Recombinant human IL-3 protein - Bioactive cytokine

IL-3 background

Interleukin-3 (IL-3) belongs to the common β chain (βc) cytokine family, originally identified as a multi-colony stimulation factor (CSF). It is now regarded as a regulator of inflammation [1, 2].

IL-3 expression is induced in response to inflammation, and is highly restricted to T cells. Under some circumstances, IL-3 may also be produced by macrophages, basophils, mast cells, NK cells and stromal cells [1, 3]. IL-3 binds a heterodimeric receptor comprising the βc (CD131) and IL-3Rα (CD123) subunits. It signals through tyrosine kinases of the Janus family (JAK2) and signal transducer and transcription activators (STATs), notably STAT5 [1, 3]. IL-3 supports the survival, proliferation, differentiation, polarization, or recruitment of immune and non-immune cells [2, 3]. Notably, as a multi-CSF, IL-3 targets a wide spectrum of hematopoietic cells, including eosinophils, basophils, plasmacytoid dendritic cells, neutrophils, and progenitor cells [3].

Relevance for therapeutics development

Depending on the clinical context, strategies have been investigated to either boost or disrupt IL-3 signaling [2, 3]. The administration of IL-3 has been evaluated as a treatment for patients with cytopenia (e.g. after chemotherapy).
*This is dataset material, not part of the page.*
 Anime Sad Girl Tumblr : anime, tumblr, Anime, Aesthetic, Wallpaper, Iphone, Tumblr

On the contrary, monoclonal antibodies or antibody-drug conjugates against IL-3Rα have been used in clinical trials to treat hematologic cancers. Inded, the IL-3Rα subunit of the IL-3 receptor is overexpressed in acute myeloid lymphoma (AML), blastic plasmacytoid dendritic cell neoplasm (BPDCN), B-cell acute lymphoblastic leukemia, or Hodgkin lymphoma [2, 3].
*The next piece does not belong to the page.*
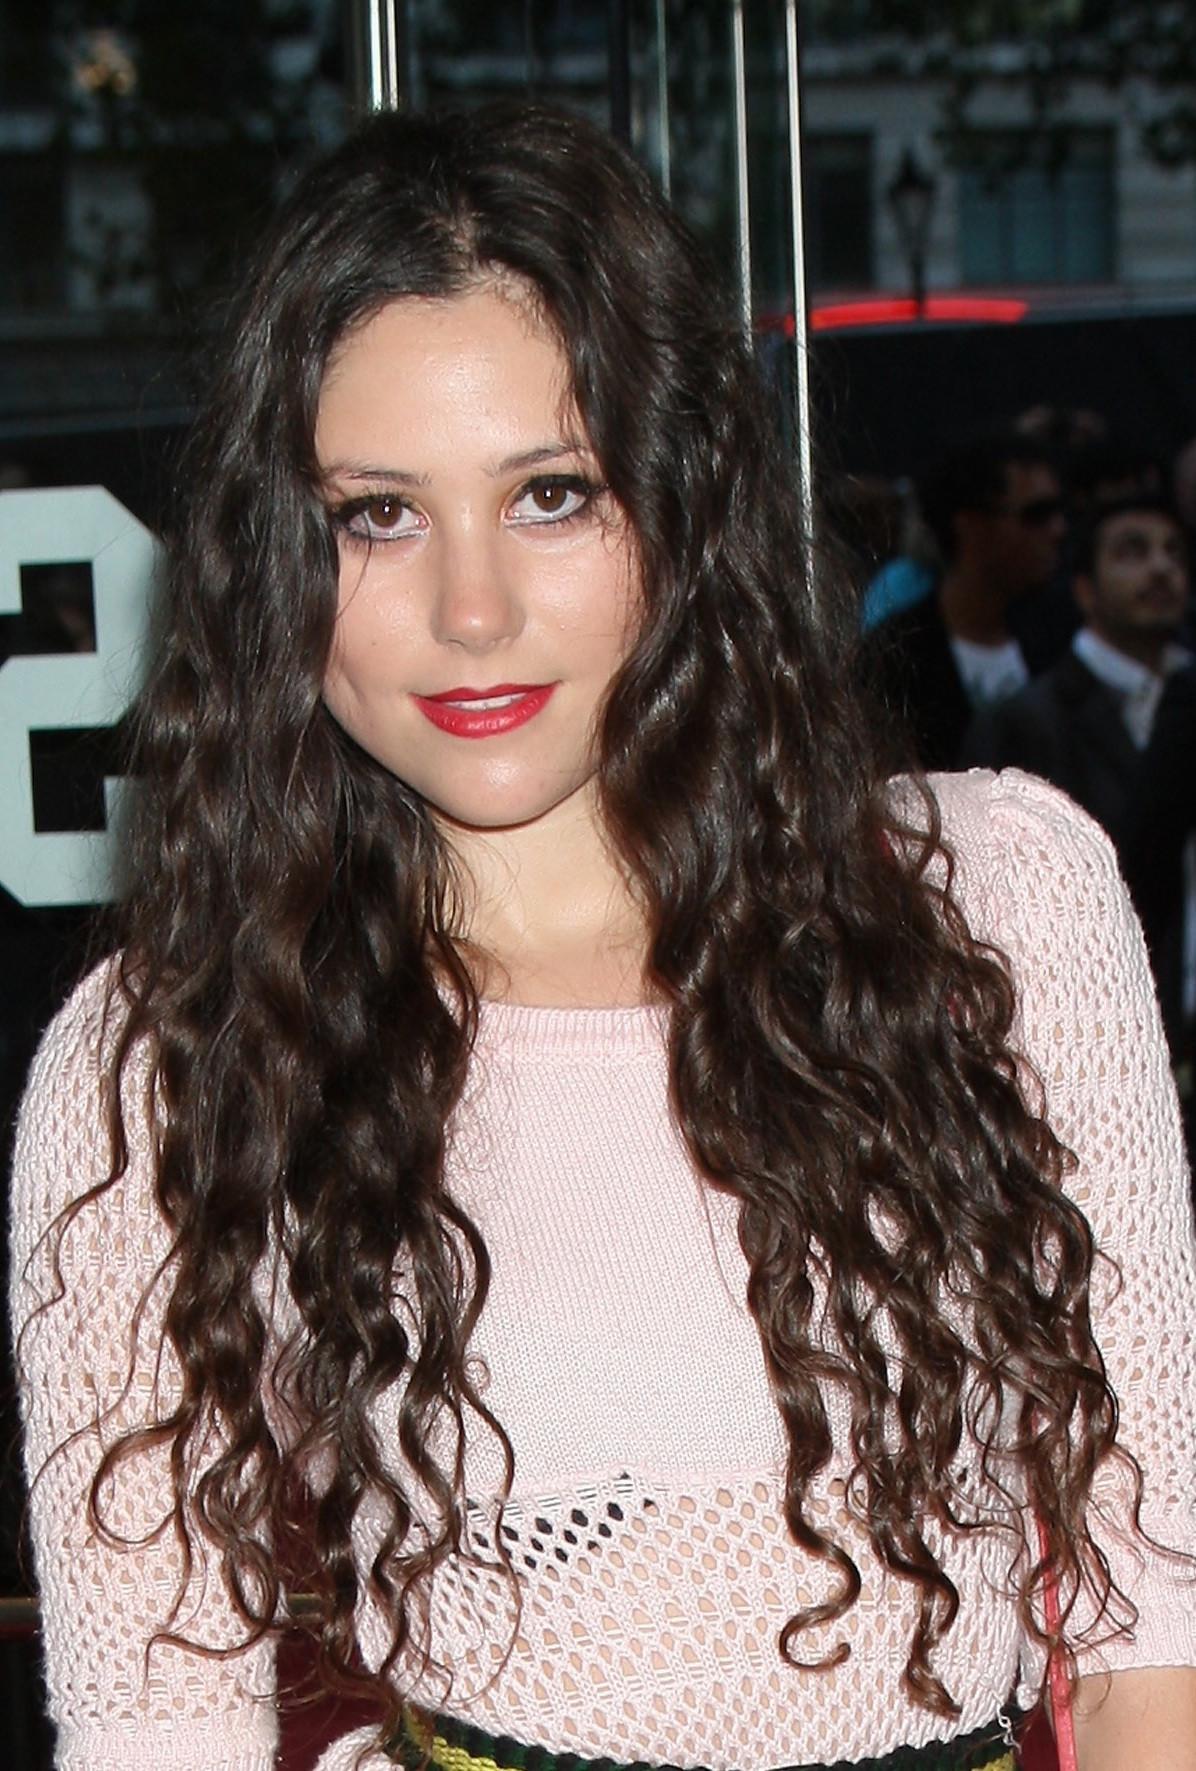 Naturally Curly Hair Hairstyles  Naturally Curly Hairstyles for Women Women Hairstyles

Talacotuzumab (CSL362) is a monoclonal antibody targeting the IL-3Rα subunit, and exhibiting a modified Fc region for enhanced ADCC functions. Thus, it disrupts the IL-3 signaling and kills the malignant cells that overexpress IL-3Rα [4]. Although Talacotuzumab demonstrated promising activity in AML patients [5], later phase 2/3 clinical studies pointed to considerable toxicity [6].

​References:

1. Dougan, M. et al., 2019. GM-CSF, IL-3, and IL-5 family of cytokines: regulators of inflammation. Immunity. 50(4):796-811.
2. Podolska, M.J. et al., 2024. IL-3: key orchestrator of inflammation. Front Immunol. 15:1411047.
3. Pant, H. et al., 2023. Translating the biology of β common receptor-engaging cytokines into clinical medicine. J. Allergy & Clin Immunol. 151(2):324-344.
4. Busfield, S.J. et al., 2014. Targeting of acute myeloid leukemia in vitro and in vivo with an anti-CD123 mAb engineered for optimal ADCC. Leukemia. 28(11):2213-2221.
5. Xie, L.H. et al., 2017. CD123 target validation and preclinical evaluation of ADCC activity of anti-CD123 antibody CSL362 in combination with NKs from AML patients in remission. Blood Cancer J 7(6):e567.
6. Montesinos P., et al., 2021. Safety and efficacy of talacotuzumab plus decitabine or decitabine alone in patients with acute myeloid leukemia not eligible for chemotherapy: results from a multicenter, randomized, phase 2/3 study. Leukemia 35, 62–74.